I think I lived in a state of panic for that entire time (and beyond) but the deadline was extremely motivating.
Emily Barr
I joined the Romantic Novelists’ Association and found my tribe. They taught me that it was a journey that doesn’t happen overnight and if you persevere you will make it.
Liz Fenwick
It’s hard to remember because it was so long ago, and I wrote five or six (possibly seven?) novels before I was published. I don’t think it was hard staying motivated at all back then even though it was a more arduous process: I hand-wrote my first couple of books in A4 notepads, then typed them up using this strange contraption called a Sharp Fontwriter which displayed five lines of text at a time. It took five minutes to print a single page. It’s more of a challenge to stay motivated now I’m a full-time writer. There are so many distractions and it can be daunting and wearying thinking ‘I have to do this again?’ I still love it though, really.
Mark Edwards
Gill Hornby
I took a slightly unusual route in to writing fiction. I had two ideas that I thought would make novels , 'The Hive' - which came out in 2013 - and 'Miss Austen' - which comes out in 2020 - but I never thought I would actually write them. I had reached the age of fifty without even attempting a short story, or joining a writers' group, or any of the other things aspirant writers usually do. Instead, I was a newspaper columnist, and perfectly happy with that. And then I got the sack.

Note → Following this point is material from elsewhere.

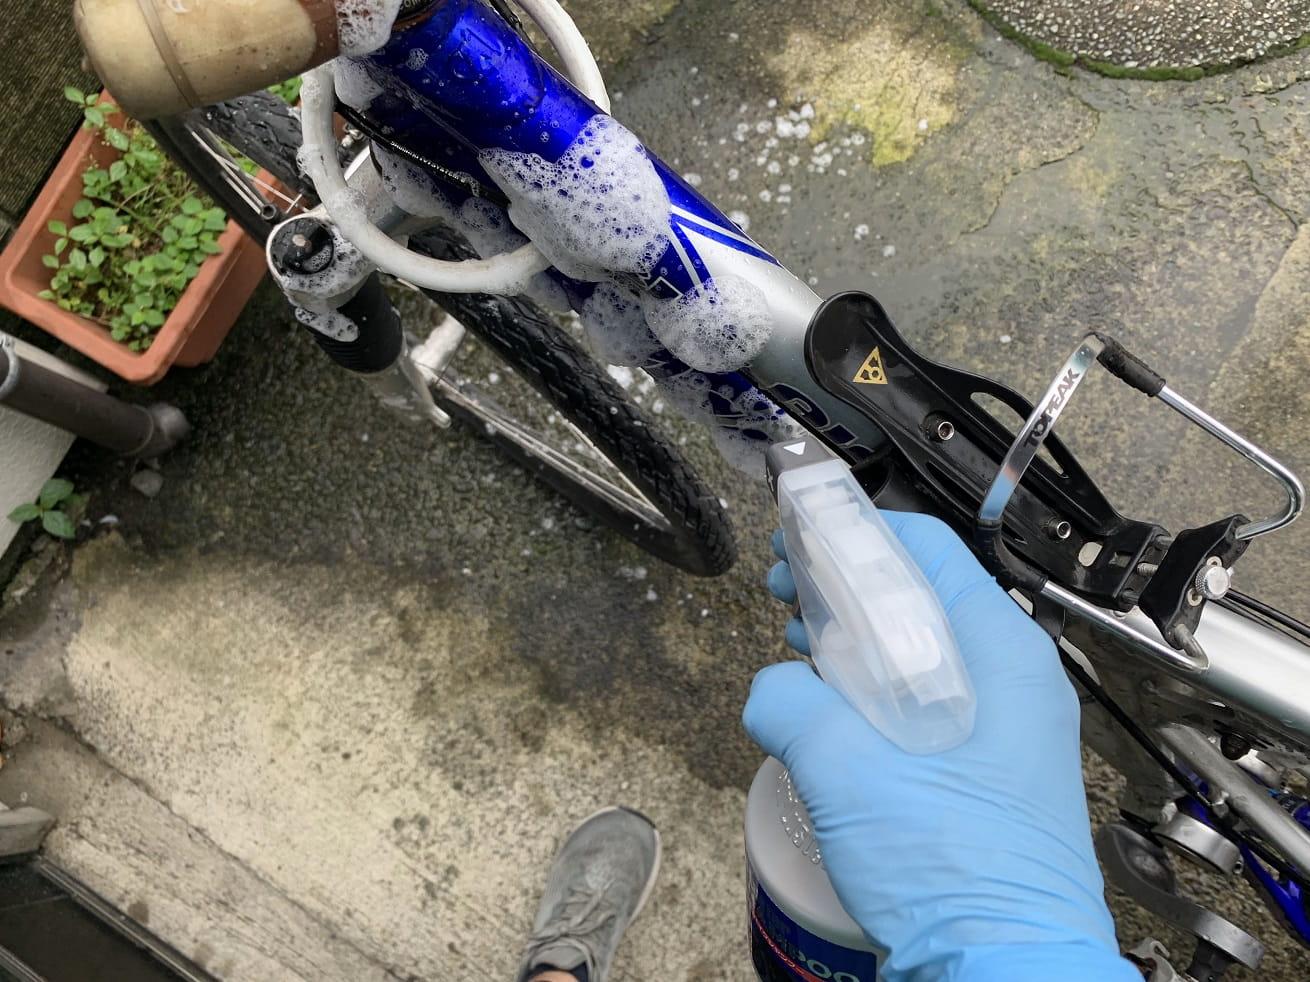 自転車洗車でシュアラスター「バイクシャンプー」噴射ノズル大で使用中

There is nothing like a bit of rejection and a sense of injustice to put lead in one's pencil. Indeed, I would say that rejection is almost always a positive, in the long run. Yes, you can wallow in misery for a bit, but then you have two choices: you can prove the bastards right, or you can prove them wrong. Once sacked, suddenly writing a novel appeared to be my only option. I was over fifty. No-one else was going to employ me. I had those ideas.... And although my greatest talents in life are procrastination and avoidance - show me a day, and I'll do anything rather than seize it - this was different. I said I was going to do it, so I had to do it. Because I had to prove the bastards wrong.
Gill Hornby
I was so in love with writing and the characters I was creating that it provided most of the motivation I needed. I also read a great deal and finding a book that inspires me was then – and is now – incredibly motivating. It’s also probably a good idea to read stories by published authors to find out what kept them going if they fell at the first hurdle. (I was very lucky in that I squeezed through with the first one).
Susan Lewis
Greg Mosse
Let me put it like this. Most of the conversations around books are about finished articles – how does Atwood compare to Asimov, is Sarah Waters more important than Angela Carter? Comparisons are odious. And talking about the finished article misses the point.
Writing is like being a builder. Your book is the building and you have to decide where to put the plumbing and the stairs.
If you like building – if you like the feeling that here, where once there was nothing, there is now something – why would you ever lack motivation?